Network analysis identifies criminal leaders with 92% accuracy — a precision that manual investigation rarely achieves. But the relationships must first be discovered. That is what the graph does. It finds the invisible thread between a face, a voice, a plate, and a phone — and pulls.
A face appears in CCTV footage from a gas station at 9:14 PM. A 911 call is placed from the same gas station's payphone at 9:16 PM. A license plate is captured by an LPR camera two blocks east at 9:18 PM. A ShotSpotter acoustic event registers gunfire three blocks north at 9:22 PM. Four evidence items. Four different systems. Four different file formats.

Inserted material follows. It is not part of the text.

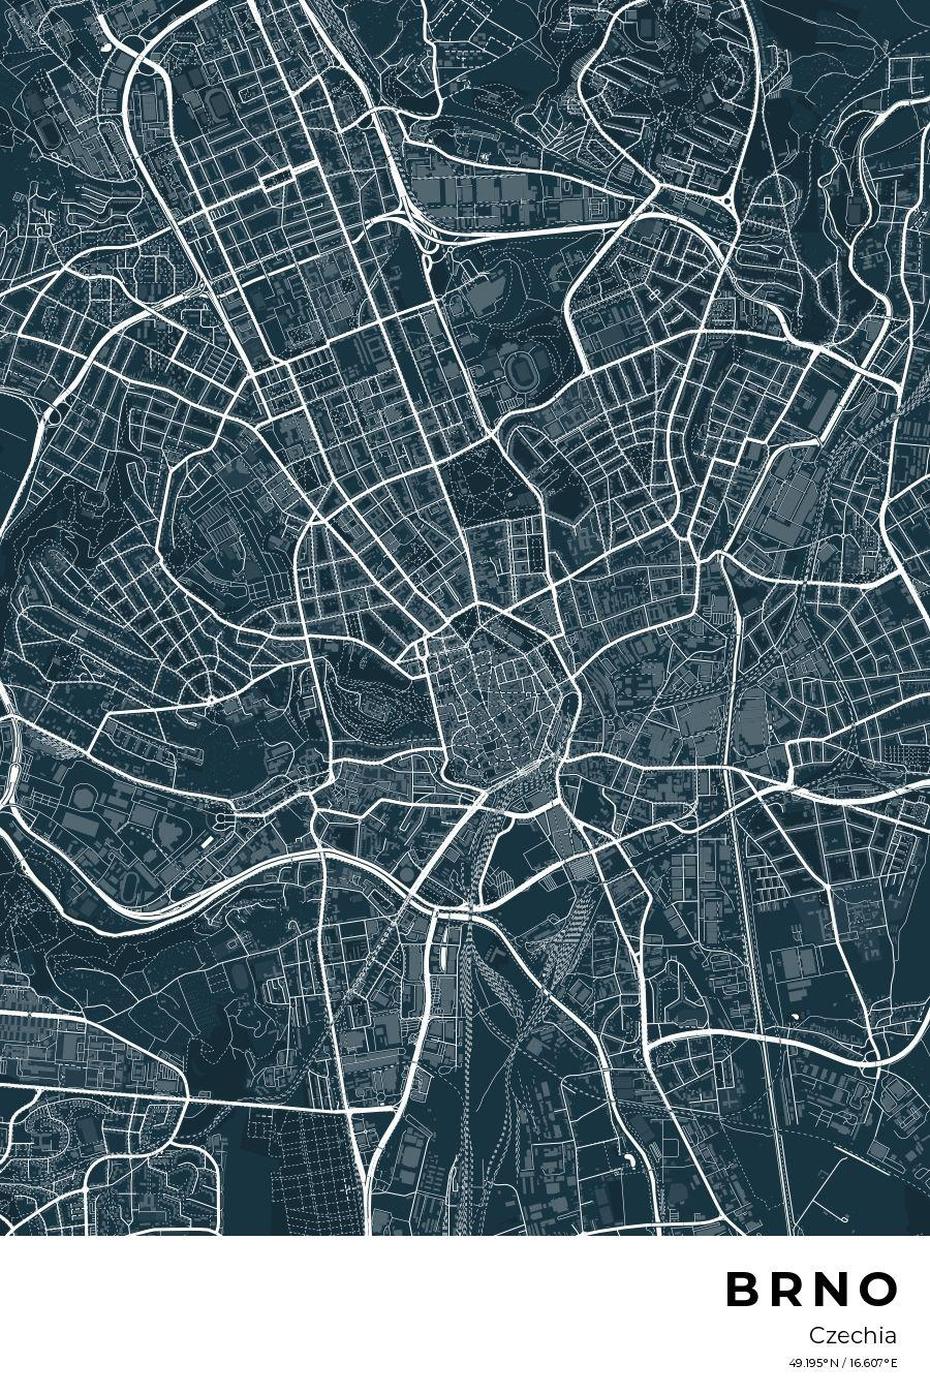 Custom City Map Poster Of Brno, Czechia In Black And White. | Map …, Brno, Czechia, Brno South Moravian Region, Cz Brno

In most investigations, these items sit in four separate databases, reviewed by four different analysts, at four different times. The connection between them — the connection that places a specific person at a specific location minutes before a shooting, with a vehicle that fled through a specific route — is never discovered. Not because it does not exist, but because no system is looking for it.
The FBI Law Enforcement Bulletin acknowledged that manual examination of social networks remains "difficult, time-consuming, and arbitrary, making it more prone to error." Network analysis using graph algorithms achieves 92% accuracy in identifying criminal leaders. Knowledge graph adoption has been measured as a force multiplier equivalent to adding two analysts to an investigative team. The GraphAware implementation study validated this approach against 7 million real crime records from the Chicago Police Department — not synthetic data, but the messy, incomplete, and complex information that characterizes real criminal investigations.

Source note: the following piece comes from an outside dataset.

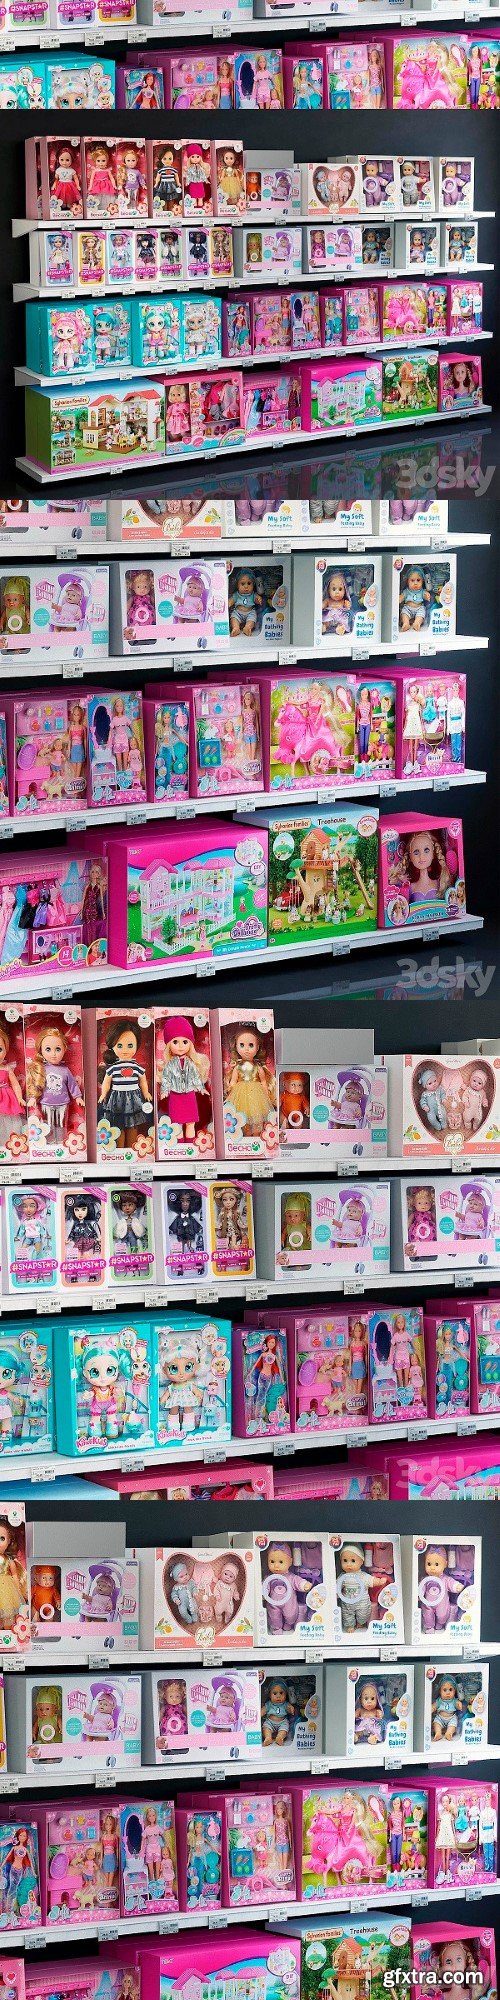 Pro 3DSky - Showcase 032 Dolls

Vault's Graph Intelligence engine transforms isolated evidence items into a living network of connections. Every detection produced by the AI Analysis layer — every face, voice, vehicle, phone, location, name, and financial transaction — becomes a node in the evidence graph. The Graph Intelligence engine then searches for edges — connections between nodes across time, space, identity, and modality. A face in video connected to a voice in audio. A phone at a GPS coordinate connected to a vehicle at the same location. A name spoken in a transcript connected to a name in a financial record. The graph does not hypothesize these connections. It discovers them — mathematically, across the entire evidence corpus, in seconds. And every edge it discovers is traceable to the specific evidence items and detections that produced it.

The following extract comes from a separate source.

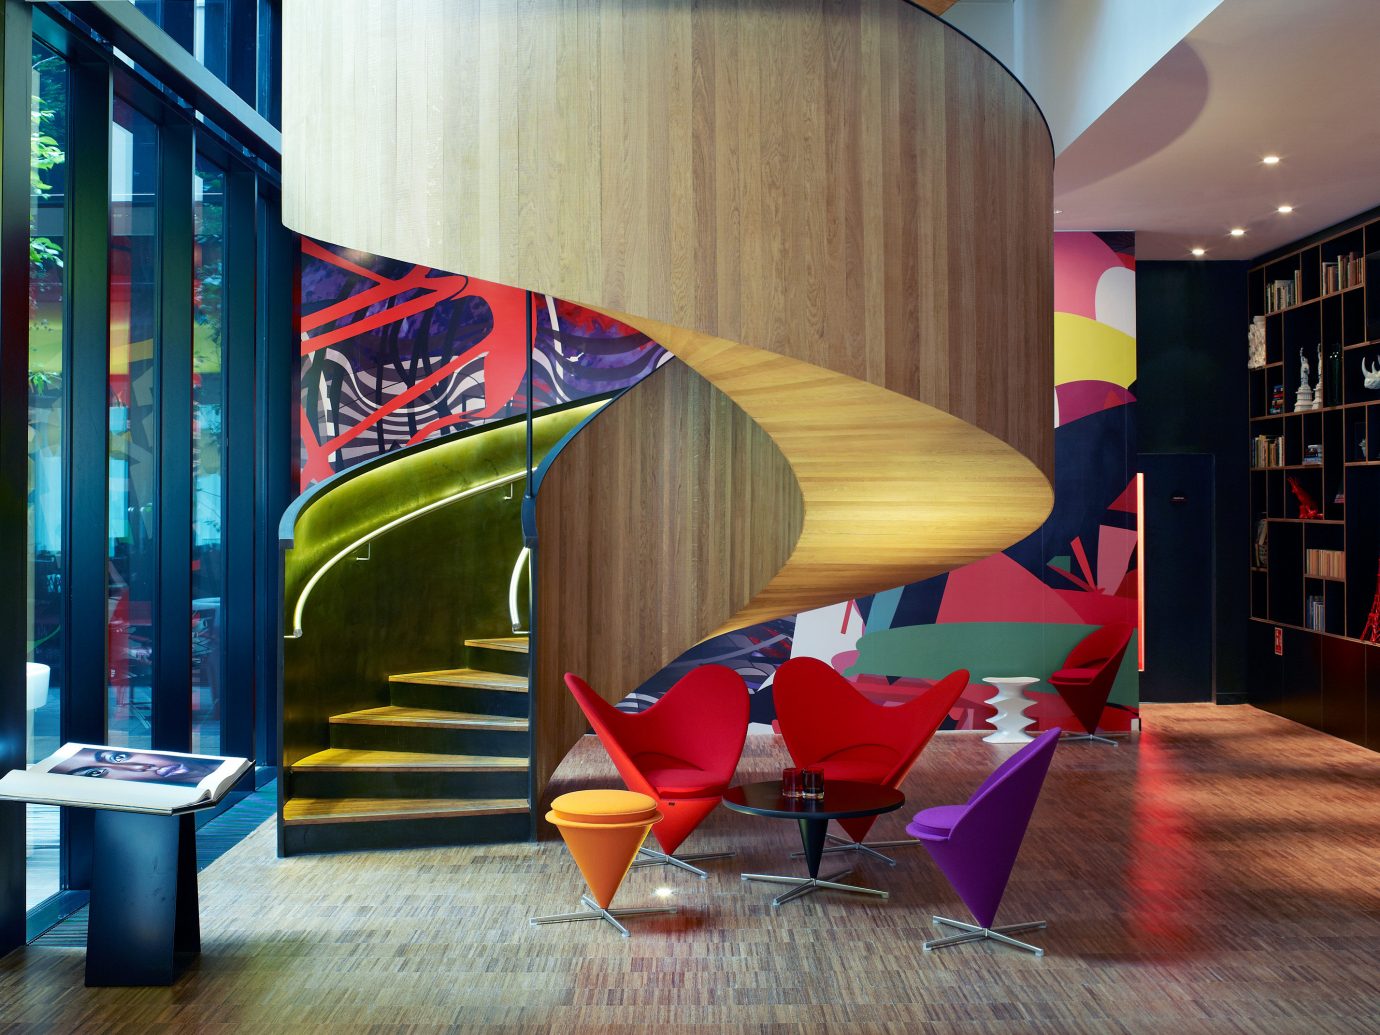 Budget Hotels London Trip Ideas floor indoor color room interior design art Lobby Design furniture

From temporal correlation to network topology analysis, every connection discovered, scored, provenance-tagged, and court-defensible.
Time is the most fundamental correlator in criminal investigation. Events that happen close together in time are more likely to be related than events separated by hours or days. But when evidence is captured by different systems — body-cam footage timestamped by the camera's internal clock, 911 recordings timestamped by the dispatch system, LPR captures timestamped by the reader's GPS-synchronized clock, and ShotSpotter events timestamped by acoustic triangulation — the timestamps may differ by seconds or minutes due to clock drift, timezone configuration, and processing delay. Manual correlation requires an analyst to mentally align these timelines, adjusting for clock differences, and scan across sources for co-occurring events. The Temporal Correlation Engine automates this alignment and correlation at scale. First, it normalizes all timestamps across the evidence corpus to a unified time reference, correcting for timezone differences, clock drift (estimated from metadata patterns), and known processing delays for each source type. Then it scans the entire corpus for temporal clusters — groups of evidence items whose normalized timestamps fall within a configurable window. For a shooting investigation, the window might be 10 minutes; for a surveillance operation, 30 minutes; for a trafficking network analysis, 24 hours. Each temporal cluster represents a potential connection: events that occurred close enough together to be related. The engine scores each cluster by density (how many evidence sources are represented), diversity (how many different evidence types are present), and investigative relevance (whether the clustered items involve persons or vehicles already flagged as persons of interest). High-scoring clusters surface to the top of the investigator's review queue. A cluster containing body-cam footage, a 911 call, an LPR capture, and a ShotSpotter alert within an 8-minute window — all geolocated within a half-mile radius — is almost certainly a single incident captured from four perspectives. The investigator who receives this cluster sees the complete picture instantly, instead of discovering each piece independently over days of manual review.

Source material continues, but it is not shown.